Rebound guys like Benjamin provide us with validation after our big love story goes awry, it’s true. But those first, big love stories seem to never truly end. Which is why our heroine leaves her perfect rebound guy to return to the arms of someone that she desperately wants things to work out with.
Why do we rarely let our female characters move on? Why do we set them up for happiness, only to have them return right back to the toxic situation that almost broke them the first time?
It’s really hard to leave the past behind, especially when we don’t think that we’ll find something like it again. It’s also hard for us to abandon the antiquated idea that women are only entitled to one great love story. That the first men we have sex with or marry somehow have a claim on our hearts and bodies. It’s bullshit, but it’s predictable, and I fully see it playing out in Midge’s return to Joel. Even Midge says, “For tonight, just for tonight, I need to be with someone who really loves me,” implying that Joel is the only man who will ever truly love her.

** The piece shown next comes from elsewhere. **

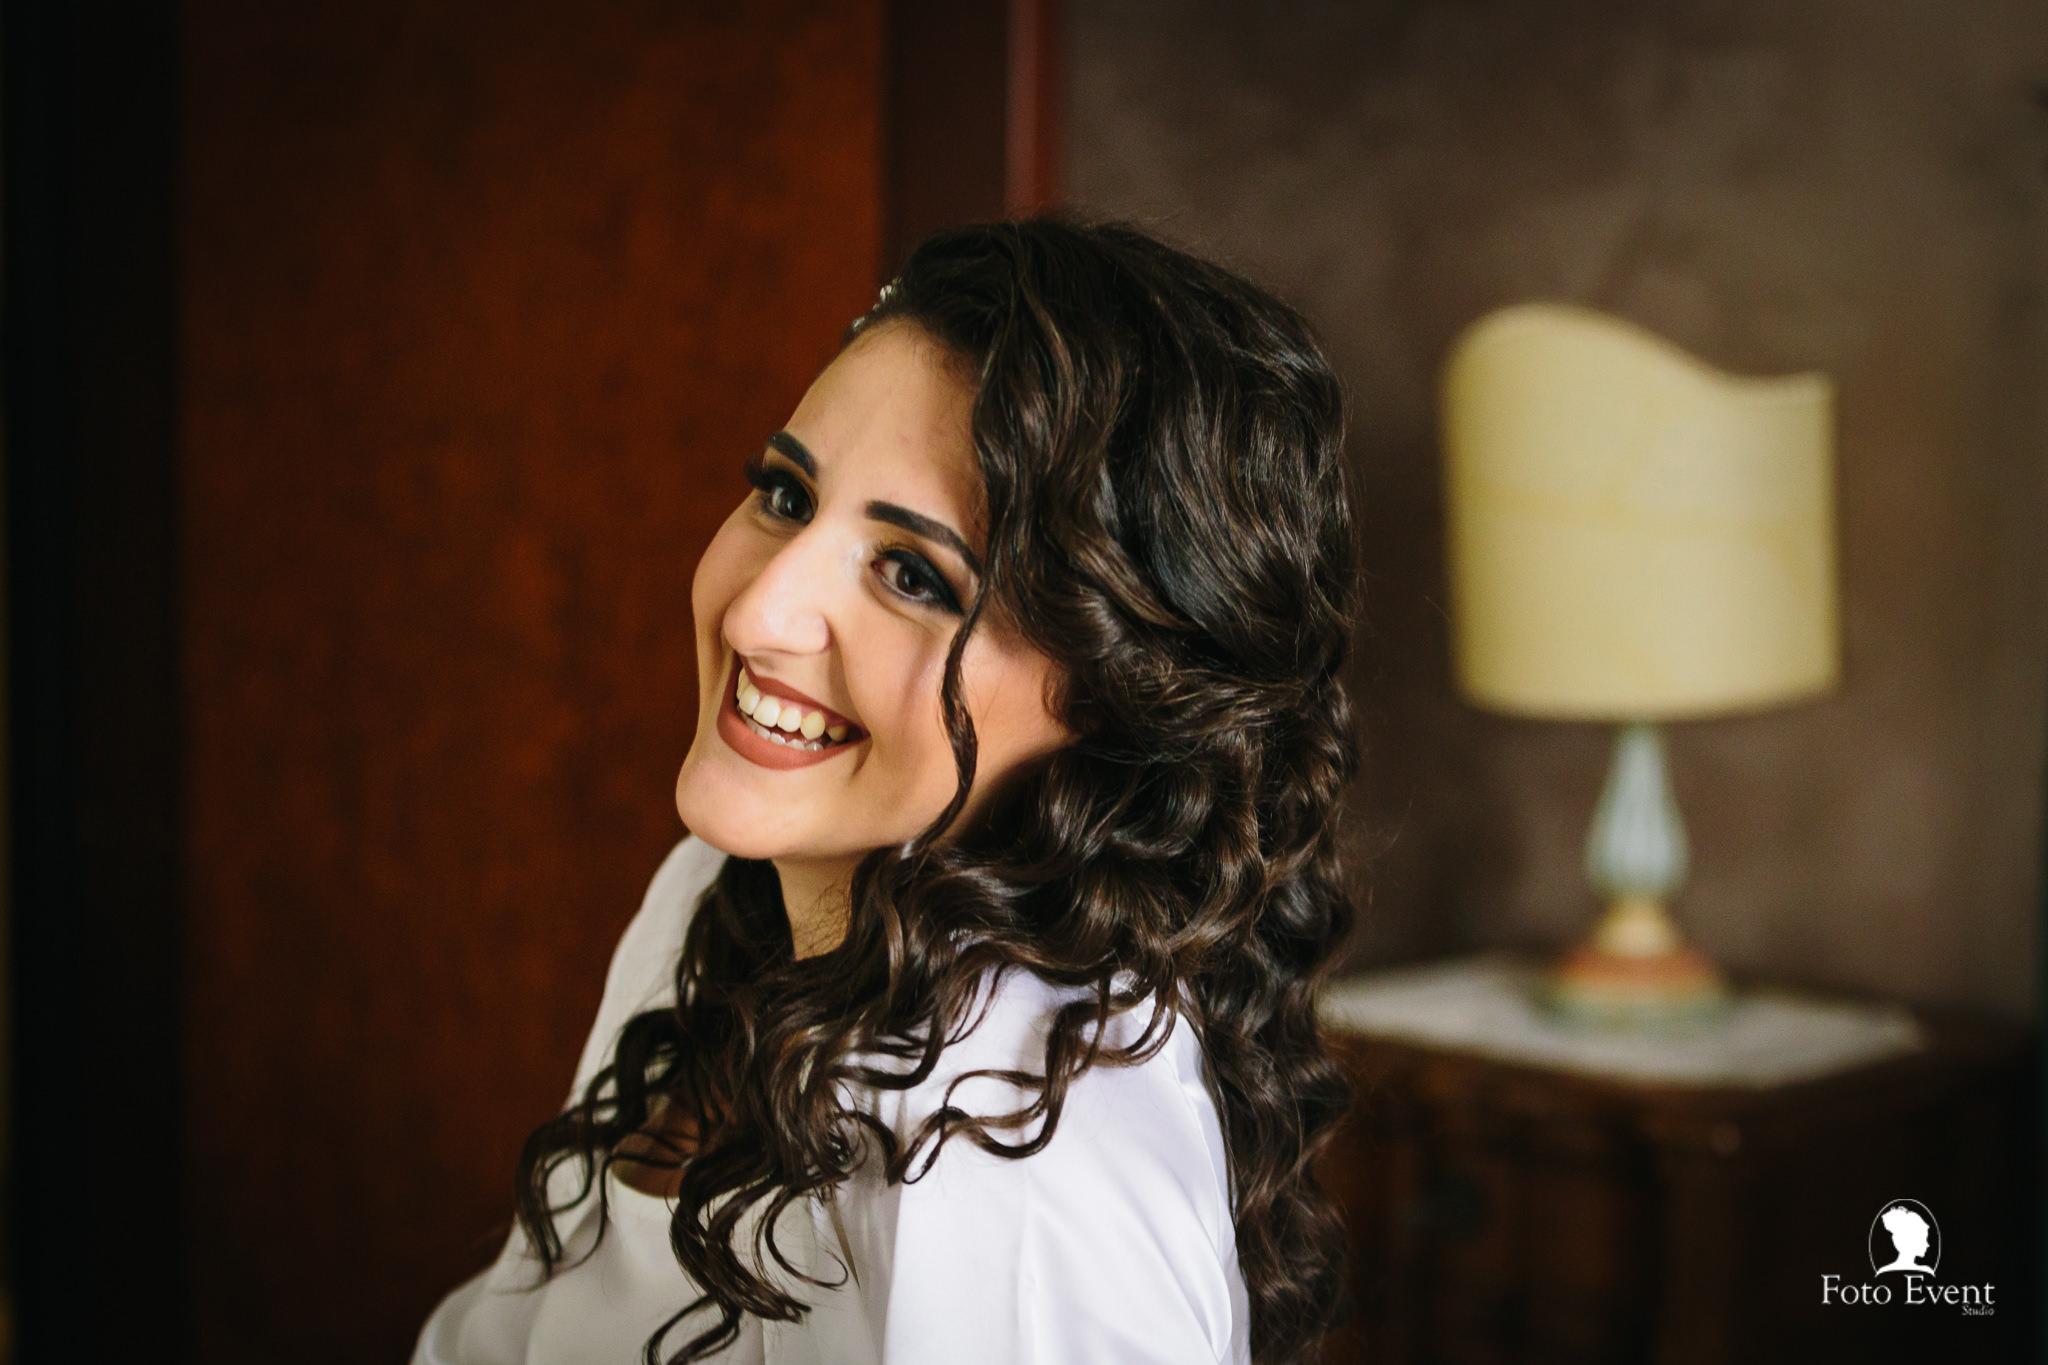 016-2019-08-31-Matrimonio-Serena-e-Saverio-Tarantino-zoom-135

The story of Mrs. Maisel is one of transformation, of someone learning to make a new life amongst intensely uncomfortable circumstances. And I want Midge to keep growing — whether that means marrying Benjamin, or having a love affair with Lenny Bruce (seriously, though, isn’t their chemistry hot?), or romancing Shy Baldwin while she’s on tour with him. But because I’ve grown to love this character, I don’t want her to feel like she’s allowed only one great love story.
We women may not be able to have it all, but we damn well deserve it all.